Example 8: The number of integral terms in the expansion of ${{\left( \sqrt{3}+\sqrt[8]{5} \right)}^{256}}$ is

Solution:

${T_{r + 1}}{ = ^{256}}{C_r}\,.\,{3^{\frac{{256 – r}}{2}}}\,.\,{5^{\frac{r}{8}}}$

First term = $^{256}{C_0}\,\,{3^{128}}{5^0} = {\rm{integer}}$ and after eight terms, i.e., 9th term = $^{256}{C_8}{3^{124}}{.5^1} = {\rm{integer}}$.Continuing like this, we get an A.P., ${1^{{\rm{st}}}},\,{9^{th}}…….\,{257^{th}}$;  ${T_n} = a + (n – 1)\,d$

$\Rightarrow 257 = 1 + (n – 1)\,8$

$\Rightarrow$n=33

Example 9: The number of irrational terms in the expansion of ${{\left( \sqrt[8]{5}+\sqrt[6]{2} \right)}^{100}}$ is

Solution:

${T_{r + 1}}{ = ^{100}}{C_r}\,{5^{\frac{{100 – r}}{8}}}{.2^{\frac{r}{6}}}$

As 2 and 5 are co-prime. ${T_{r + 1}}$ will be rational if $100 – r$ is multiple of 8 and r is multiple of 6 also $0 \le r \le 100$

$\Rightarrow \,r = 0,\,6,\,12…….96$;

$\Rightarrow \,100 – r = 4,\,10,\,16…..100$………….. (i)

But  100-r is to be multiple of 8.

So, 100-r= 0, 8, 16, 24,……96 …..(ii)

Common terms in (i) and (ii) are 16, 40, 64, 88.
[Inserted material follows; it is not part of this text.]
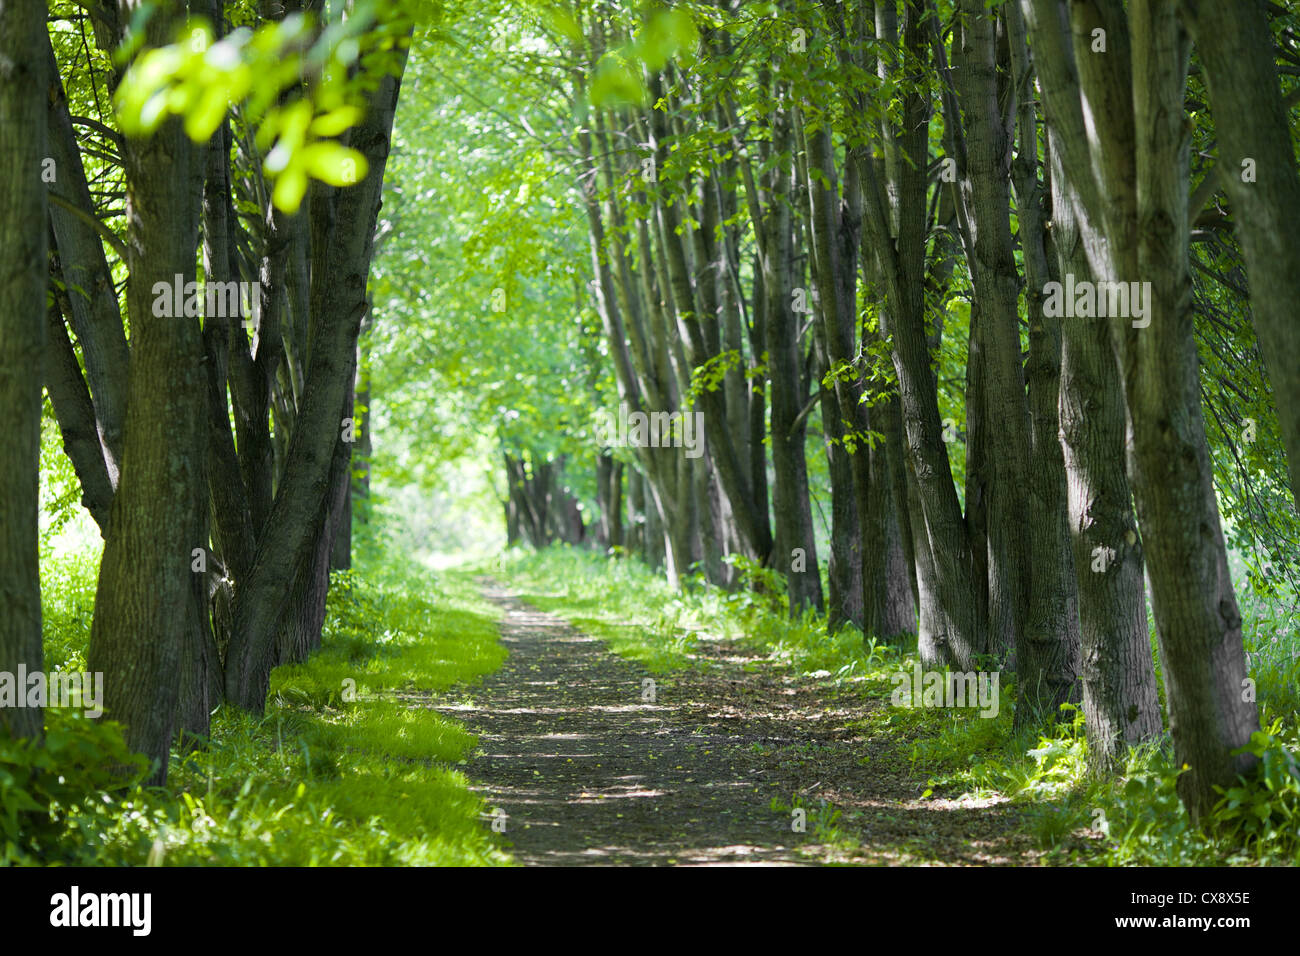 basswood alley or park Stock Photo

$\Rightarrow$ r = 84, 60, 36, 12 give rational terms

$\Rightarrow$ The number of irrational terms  = 101 – 4 = 97.

## Finding the integral or fractional part of the expansion

Example 10: The integral of ${(\sqrt 2 + 1)^6}$ will be

Solution:

Let ${(\sqrt 2 + 1)^6}$=I + f, where I is the integral part and f is the fractional part.

Also, let f’ be the complementary fraction of f, such that f + f’ = 1. {Both f and f’ are proper fraction i.e. fractions less than 1}

Note that, $\left( {\sqrt 2 – 1} \right) < 1$ or ${\left( {\sqrt 2 – 1} \right)^6} < 1$. Let f’=${\left( {\sqrt 2 – 1} \right)^6}$

Also, we know that, ${(x + y)^n} + {(x – y)^n} = 2({x^n}{ + ^n}{C_2}{x^{n – 2}}{y^2}{ + ^n}{C_4}{x^{n – 4}}{y^4} + …..)$

Or ${(\sqrt 2 + 1)^6} + {(\sqrt 2 – 1)^6}$ =I + f + f’

$= 2({(\sqrt 2 )^6}{ + ^6}{C_2}{(\sqrt 2 )^4}{(1)^2}{ + ^6}{C_4}{(\sqrt 2 )^2}{(1)^4}{ + ^6}{C_6}{(\sqrt 2 )^0}{(1)^6})$

= $2(8 + 15 \times 4 + 30 + 1) = 198$

As f +f’ =1, the required integral part is 198-1 = 197.